The reason this distinction matters most in adversarial contexts is that detection regexes are tuned for signal-to-noise on legitimate traffic, while sanitisation rules need to be tight against worst-case input. The two have different failure modes, different test corpora, and different ownership; conflating them is how a "security feature" becomes a security incident.

9. Performance Pitfalls and ReDoS

9.1 Catastrophic Backtracking, Visualized

OWASP's canonical "evil regex" is ^(a+)+$. Against aaaaaX, the engine has to redistribute the five a characters across one or more (a+) iterations. The number of distributions is exponential in the input length:
Backtracking call tree for the catastrophic pattern caret open-paren a-plus close-paren plus dollar matched against aaaaaX
Backtracking call tree for the catastrophic pattern caret open-paren a-plus close-paren plus dollar matched against aaaaaX

Every leaf path ends in failure (because of the trailing X), but the engine has to walk all of them before reporting "no match." On 30 characters that is roughly 2^30 ~ 10^9 operations.

The structural marker is a quantifier on a group whose body itself contains a quantifier on overlapping characters: (a+)+, (a*)*, (a|aa)+, ([a-z]+)*. Once you can recognise this shape, you find it everywhere — including in patterns that you wrote yesterday.

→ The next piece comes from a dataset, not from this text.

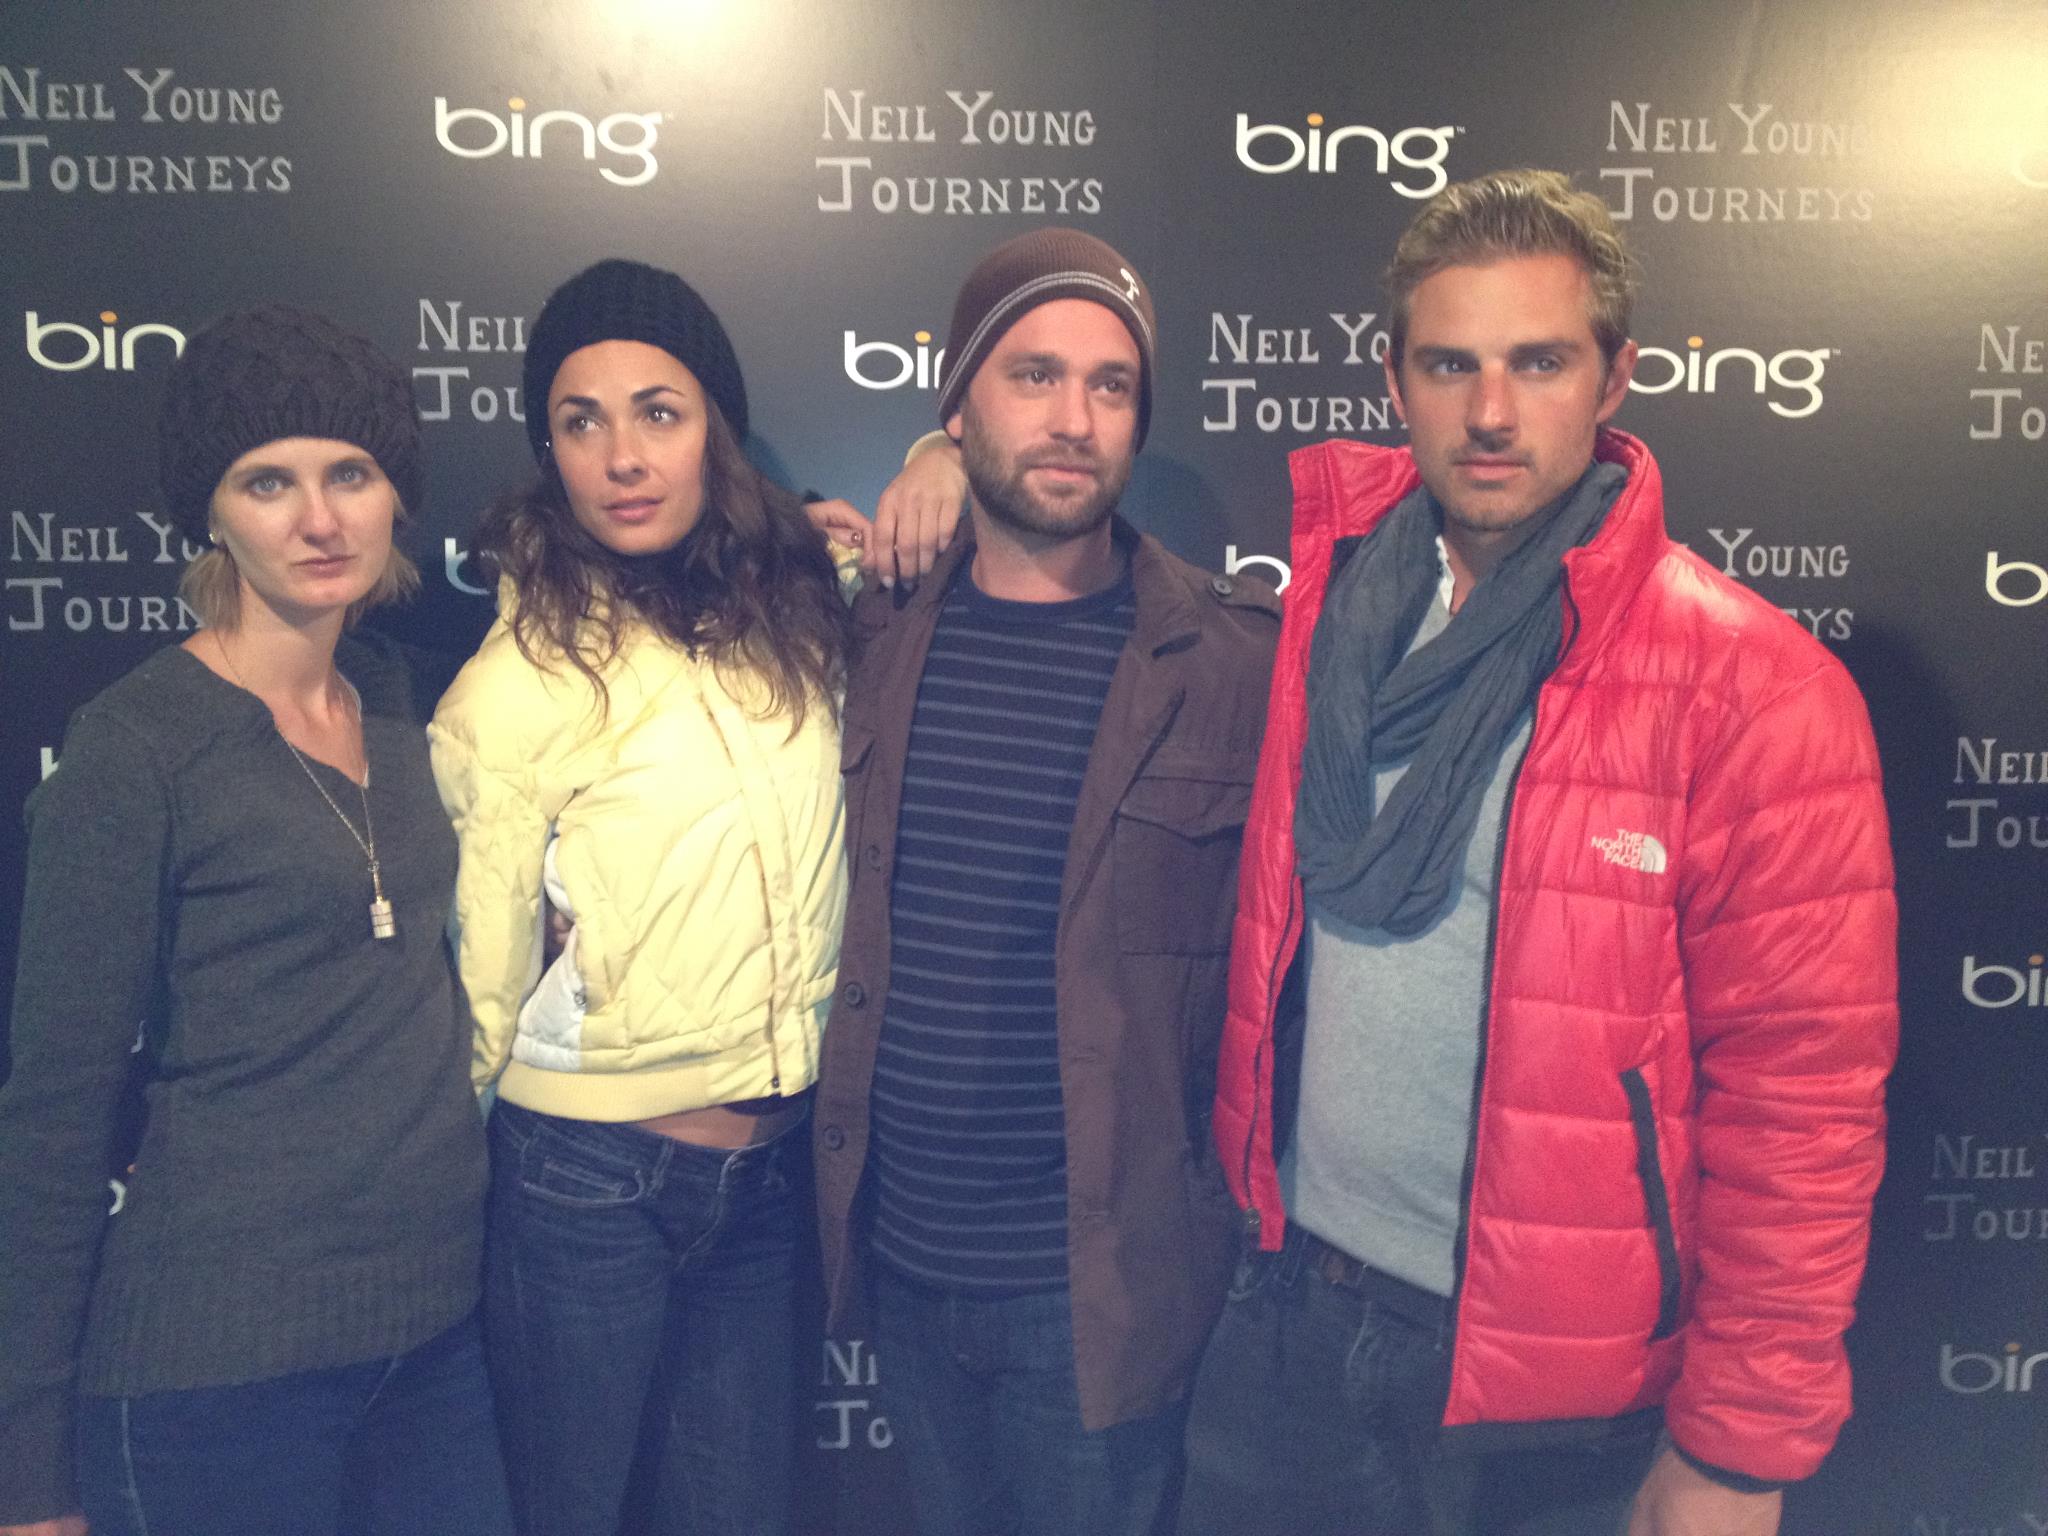 Neil Young Journeys Premiere at Slamdance, Park City with Megan Galizia, Ashely Walsh, Matthew von Manahan and Jeff Berg

9.2 Real CVEs (Cloudflare 2019, Stack Exchange 2016)

Two production outages popularised ReDoS to mainstream engineering audiences:
  • Cloudflare, 2 July 2019. A regex deployed to the global WAF managed-rules layer contained the substring .*(?:.*=.*). Adversarial-shaped legitimate traffic triggered catastrophic backtracking, CPU exhaustion across the edge, and a 27-minute global HTTP serving incident. The full pattern and post-mortem are public on the Cloudflare engineering blog (referenced in chapter 13).
  • Stack Overflow / Stack Exchange, 20 July 2016. A homepage formatting pass used a pattern equivalent to \s+$ for stripping trailing whitespace. A single comment with roughly 20,000 trailing whitespace characters triggered O(n^2) behaviour, exhausting the formatter and tipping over the home page for 34 minutes.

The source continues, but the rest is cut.